I’m currently reading Giles Hutchins’ new book Future Fit which I highly recommend and have come to the chapter Shifting the Logic in which Giles references a lot of research that’s been done into learning, knowing and neuroscience. The compelling message for me is how important it is for our leaders to lead with their whole selves We’ve created a world of business where the rational logical part of our experience has become dominant – it is this that is most highly recognized, praised and, therefore, the predominant focus on leadership development programmes. However, this is only part of the story. We are all whole human beings not rational machines. Giles Hutchins points to Carl Jung’s four natural ways of knowing: thinking (rational analytical thought); feeling (emotional feelings); sensing (somatic embodied awareness) and psychical intuitions and how the ‘sweet spot’ is found when all of these are aligned. If you’ve ever said “I know that intellectually but ….” then you’ll have been in a situation where these aspects are not aligned; where there’s hesitancy and doubt as somehow you know that what you’ve heard isn’t the whole story. We need leaders who are able to lead in a way that embraces all aspects of knowing – knowing of the head, the heart and the gut.

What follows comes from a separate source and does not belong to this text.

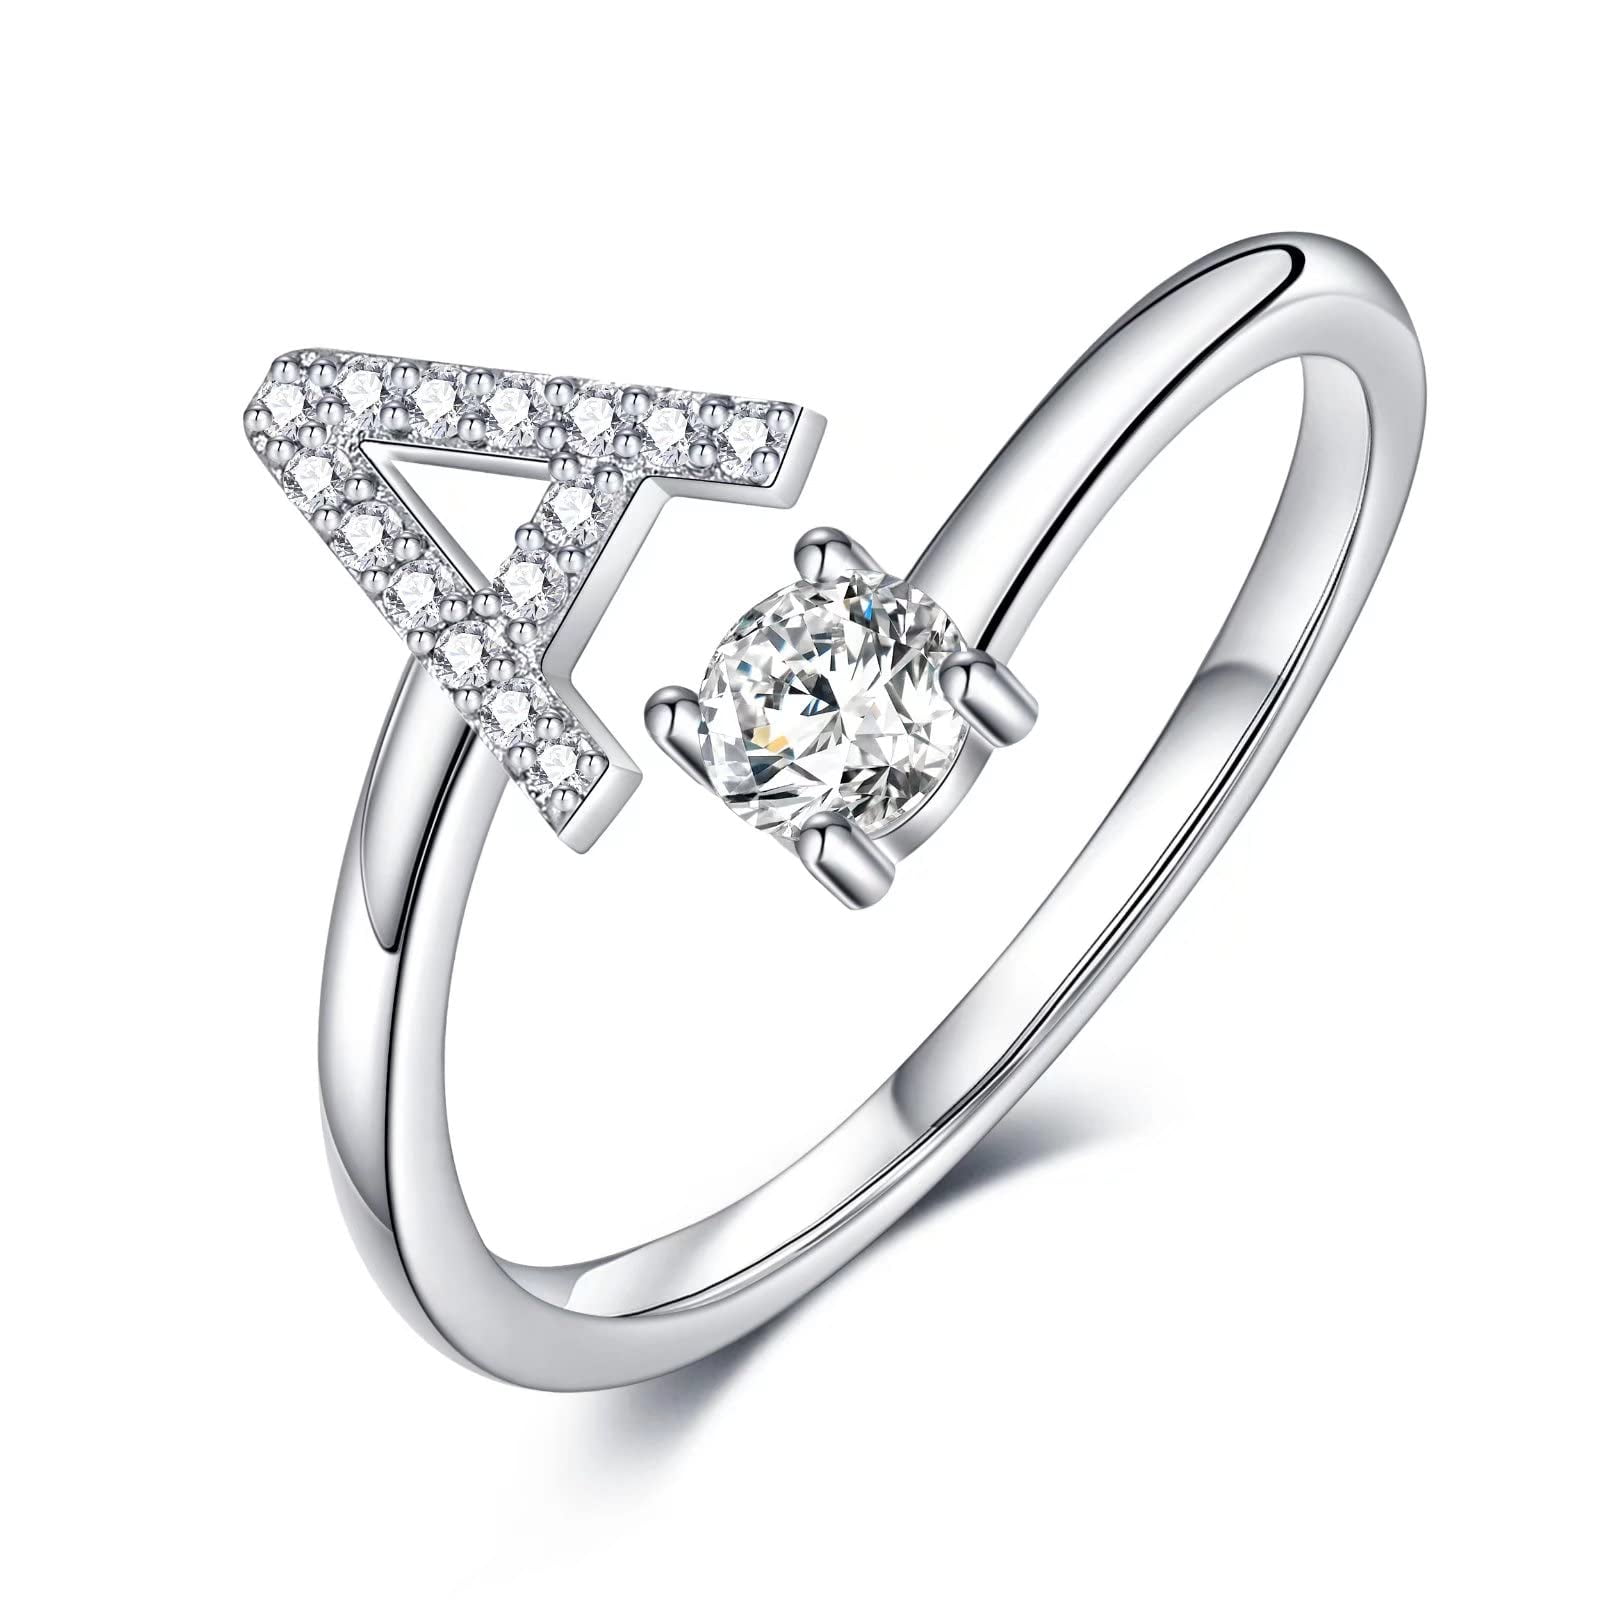 TANGPOET Moonstone Rings Penguin 925 Sterling Silver Ring for Women Girls  Adjustable Open Animal Rings Gifts 8# - Walmart.com

There seems to me to be a clear role for leadership development in encouraging leaders to lead with their whole self and yet many programmes still focus predominantly on the rational logical aspects. Even Emotional Intelligence is commonly explored through an inventory or questionnaire that measures people on different scales. Whilst there’s a place for questionnaires is it at the expense of experiencing first hand what, for example, emotional intelligence feels like? Our leadership development programmes should be providing immersive experiences where leaders are able to see, feel and hear what it’s like to be their whole selves. We need Leadership programmes that not only challenge them intellectually but also at an emotional and intuitive level. It is only through encouraging leaders to tune in to their creativity, intuition, sense of purpose that we can help them to lead at their highest potential, a potential which is an embodiment of their whole selves not just their intellect.